Magnetic characterization and inductance enhancement

The integration of magnetic materials with increased thickness and permeability can significantly enhance the inductance of RuMi inductors (Supplementary Note 2). Thin-film Py with in-plane anisotropy has been extensively utilized in microinductors due to its exceptional magnetic properties, including high permeability and low coercivity20,32. However, increasing the thickness of Py films beyond a critical threshold leads to the formation of strip domains with out-of-plane magnetization components, which degrade magnetic softness and reduce permeability33. This phenomenon is accompanied by increased coercivity, resulting in higher hysteresis losses that compromise high-frequency performance34,35,36. Figure 3a presents the hysteresis loop of a 300-nm-thick Py structure, characterized using magneto-optical Kerr effect (MOKE) measurements (see “Methods”), deposited on planar winding conductors prior to the rolling process. Both the hysteresis loop and magnetic force microscopy (MFM) image (inset of Fig. 3a) confirm the presence of strip domains with out-of-plane magnetization components. We note that although the magnetic material is patterned as a long and narrow wire with its long axis along the y-axis in the schematic of Fig. 3a, no clear difference is observed in the hysteresis loops measured along the x- and y-directions. This observation suggests that shape anisotropy effects are minimal in materials exhibiting strip domains.

Fig. 3: Magnetic characterization and inductance enhancement to the RuMi inductors.
figure 3

a, b Hysteresis loops of the magnetic structures formed by a 300-nm thick Py films (a) and 6 stacks of 50 nm Py/5 nm Ta laminates (b) in the RuMi inductors before rolling, measured with the magnetic field applied perpendicular (x-axis) or parallel (y-axis) to the rolling direction.

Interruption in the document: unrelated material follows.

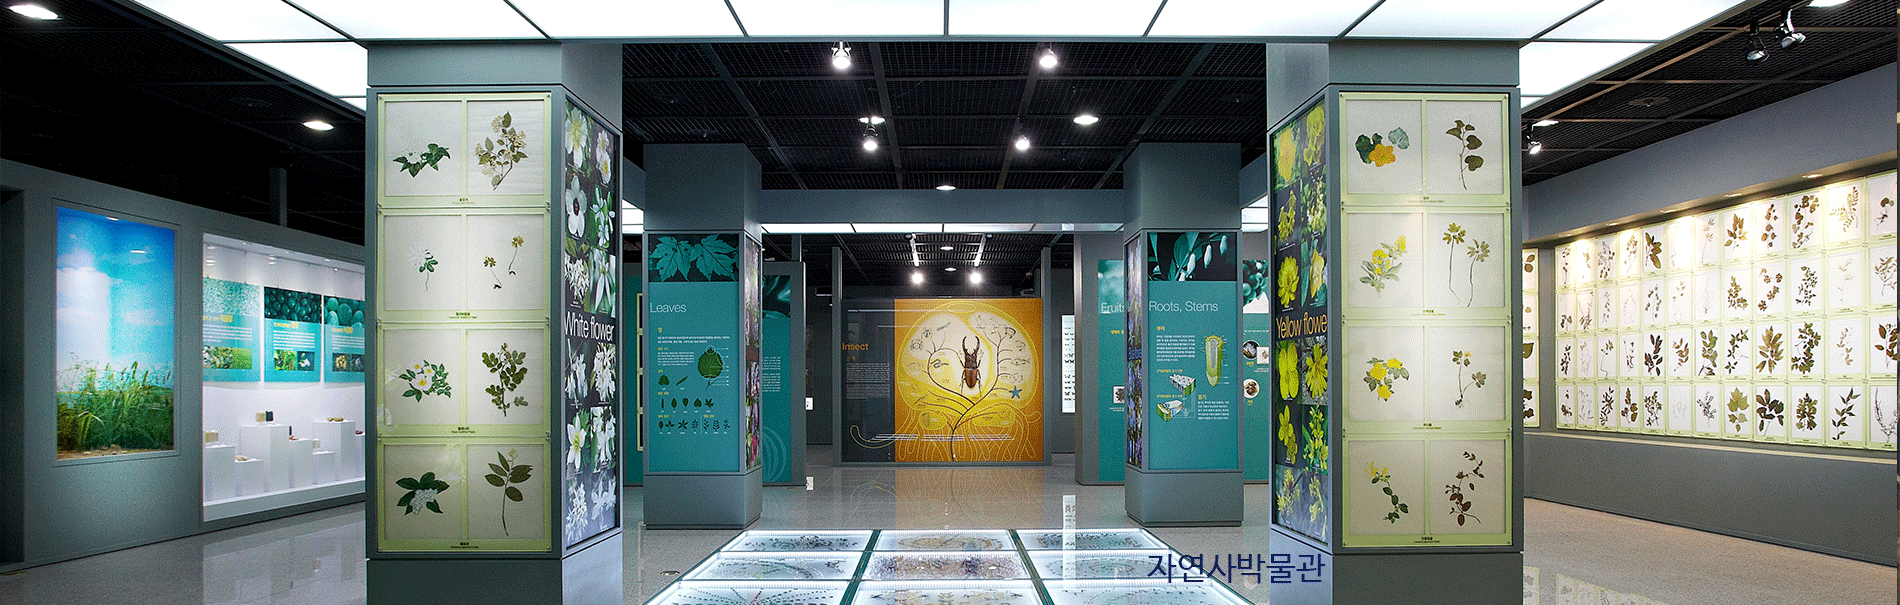 Viện bảo tàng đại học Sungshin

Insets: MFM images of the corresponding films. Scale bars, 500 nm. c, d Electromagnetic finite element simulation results of the cross-sectional magnetic field distribution at 0.5 GHz with an excitation of 1 V for a 6-cell RuMi inductor with 2.4 mm rolling length, (c) before and (d) after integrating 6 stacks of Py/Ta laminates. Scale bar, 50 μm. Insets: magnified views highlighting the field distribution between spiral layers. The white curved regions (rolled conductors) are omitted for clarity. Scale bar, 5 μm. e, f Measured and simulated inductance (e) and Q-factor (f) versus frequency of the same 6-cell, 2.4-mm-long RuMi inductor with or without the integrated magnetic laminates. Inset: measurement setup showing the GSG test structure. Scale bar, 200 μm. Source data are provided as a Source Data file.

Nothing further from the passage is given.